Masculinity, #MeToo and Misleading Marketing: The Unmet Sexpectations of the American Gigolo Remake


American Gigolo, the 2022 television series which functions as a sequel to the 1980 film, has received an overwhelmingly negative reception with both critics and viewers. An insightful review declaring the show ‘more dud than stud’ encapsulates the problems with viewers’ expectations: despite raunchy marketing promising a direct continuation to the original, there was ‘very little actual sex’ compared to its Paul Schrader predecessor, a choice complicated further with the addition of a controversial backstory in which protagonist Julian Kaye was revealed to have been a victim of child abuse.

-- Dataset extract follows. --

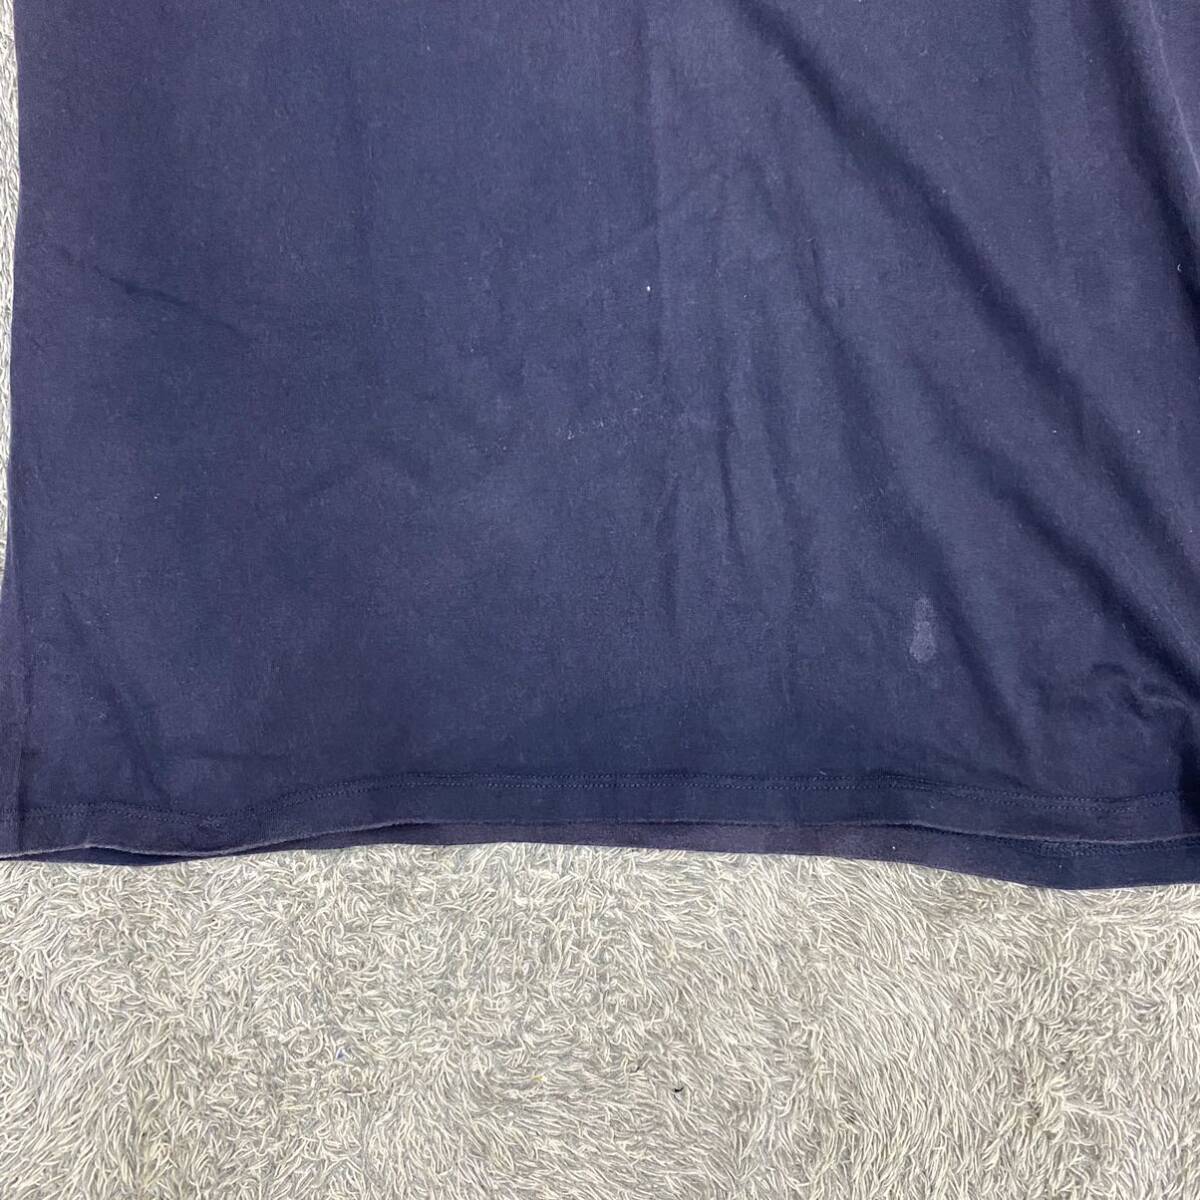 TOMMYHILFIGER トミーヒルフィガー Tシャツ 半袖カットソー サイズL ネイビー 紺色 メンズ トップス 最落なし （U18）の画像4
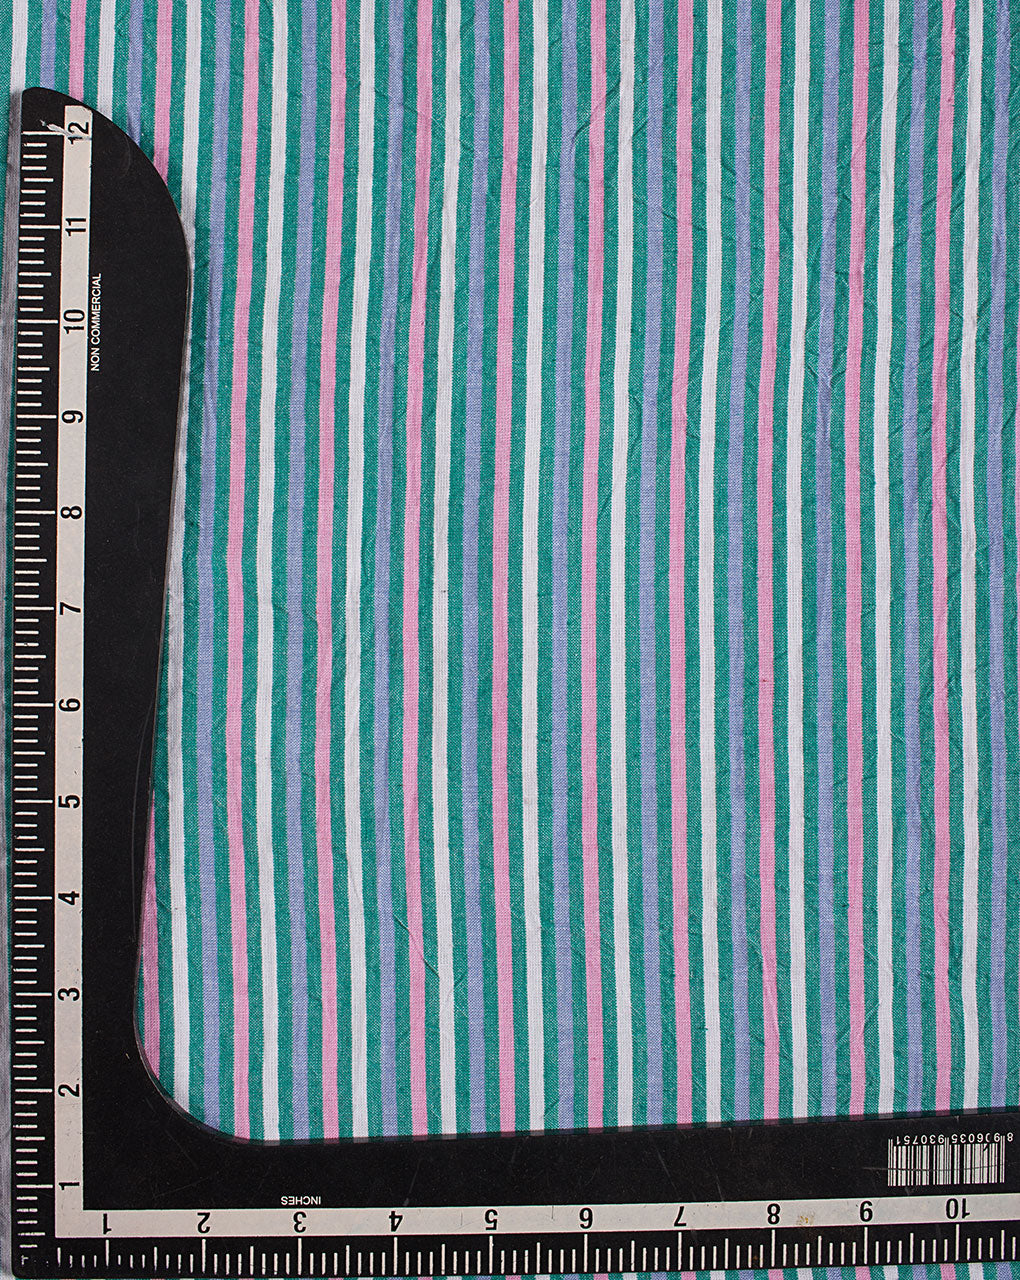 Seersucker Cotton Fabric - Fabriclore.com

The misleading marketing certainly influenced viewer rejection of the show by both promising a continuation to the original and deliberately obscuring this plotline. The post- #MeToo context it was released in, furthermore, can be argued to have impacted the reception of the show’s central themes. The sheer venom with which reviewers broached the portrayal of a male victim of abuse, however, raises questions of its own. Despite the rightly criticised aspects of the show, its choice to depict an unconventional male victim as a lead character on primetime television is groundbreaking. Did audiences reject the show for disrupting their nostalgia for Julian, or does heterosexual male victimhood remain society’s final taboo?